My point to all this is that, yes, the company has debt on the balance sheet but even if interest rates were to rise, it wouldn’t put the company in any jeopardy. In fact, the company right now has an interest coverage ratio of 16.1x, meaning it generates more than enough pre-tax operating income to cover its interest expense.
Am I worried, not at all. RH has a proven track record of being able to borrow cheaply and is in a healthy position to pay back its loans.
Back to the valuation portion which I know everyone is waiting for, if we look through a forward lens, we get a slightly different picture than what I mentioned previously.

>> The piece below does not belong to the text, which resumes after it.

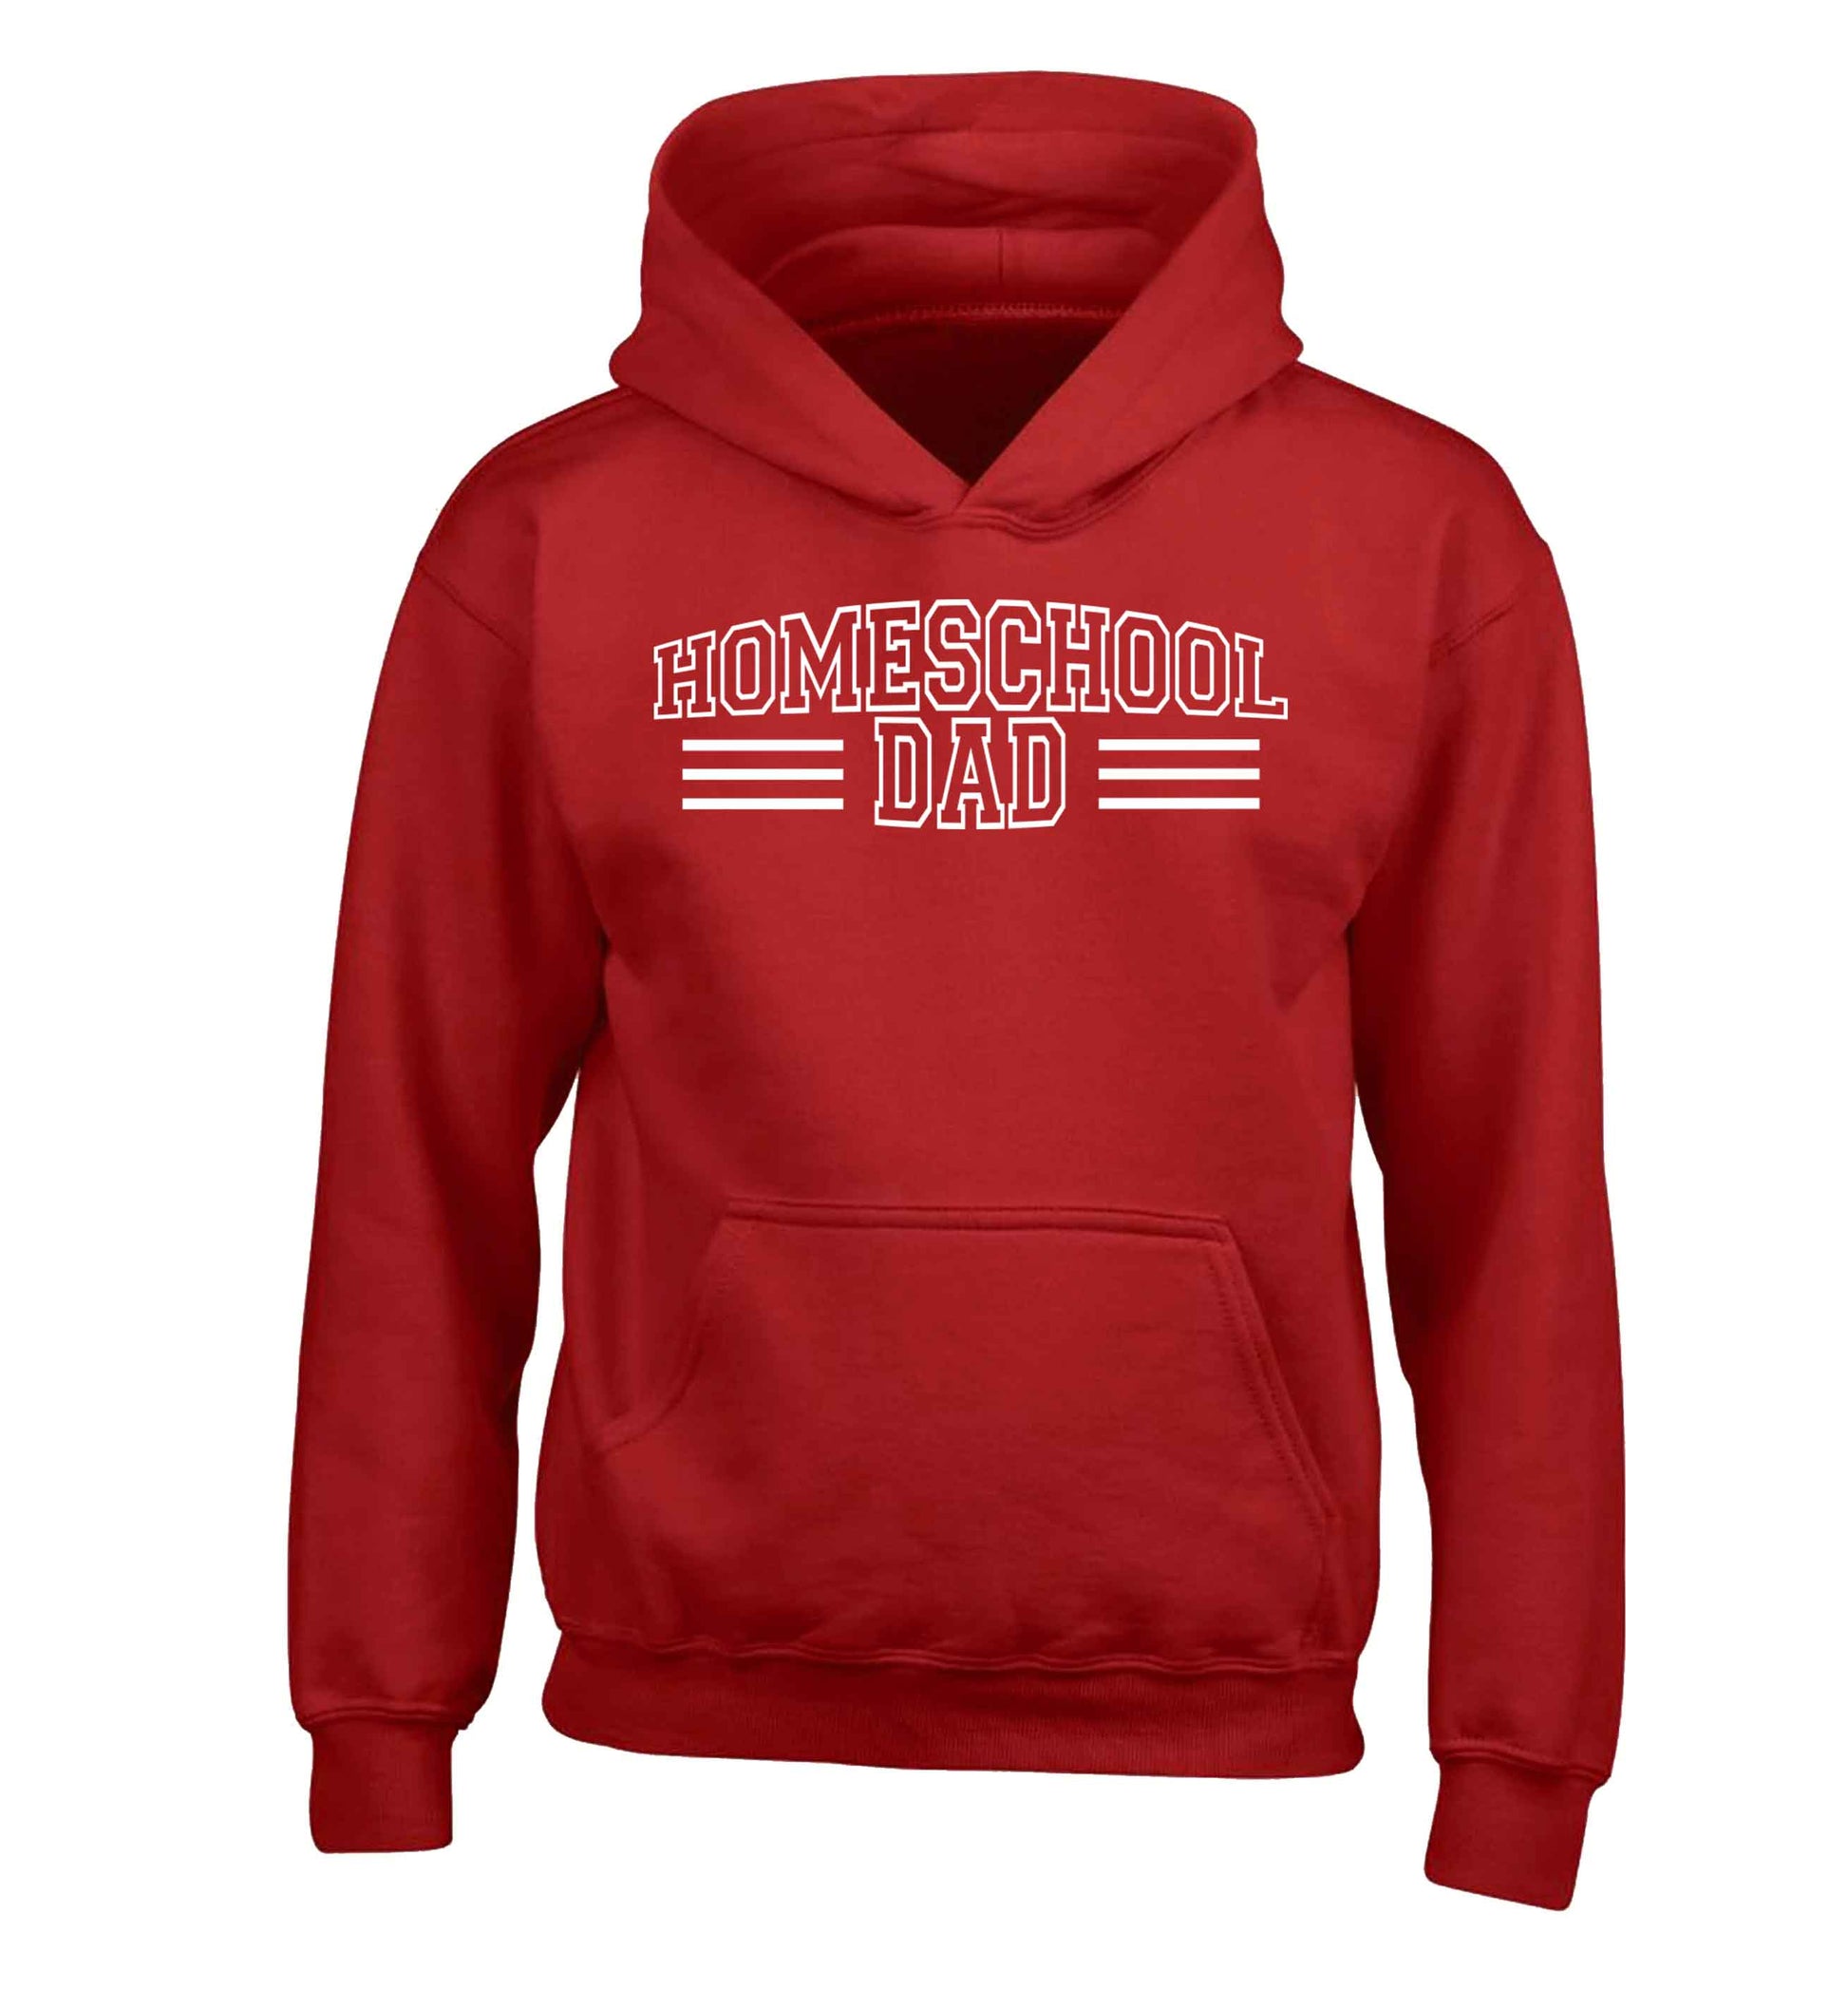 Homeschool dad children's red hoodie 12-13 Years

RH’s forward P/E (fiscal year ending January 2023) is at 15.6x, the S&P 500 Index is at 20x, and the Consumer Discretionary Index is at 25.9x.
Even if you switch to forward-looking, I estimate that EPS will be ~$26 in FY’22. If we look at the Consumer Discretionary average multiple, that gets you to $673 while using the S&P 500 Index average multiple gets you $520, or a 65.4% and 27.8% upside from yesterday’s close, respectively.
Stars are pointing north over here.
RH is an amazing company and has an excellent management team that is executing on all levels to deliver maximum shareholder value. The company is trading down 43% from its ATH while more than tripling its EPS over the last two years. They have gone places and will continue to go places which is why I’m bullish on the long-term prospects of RH.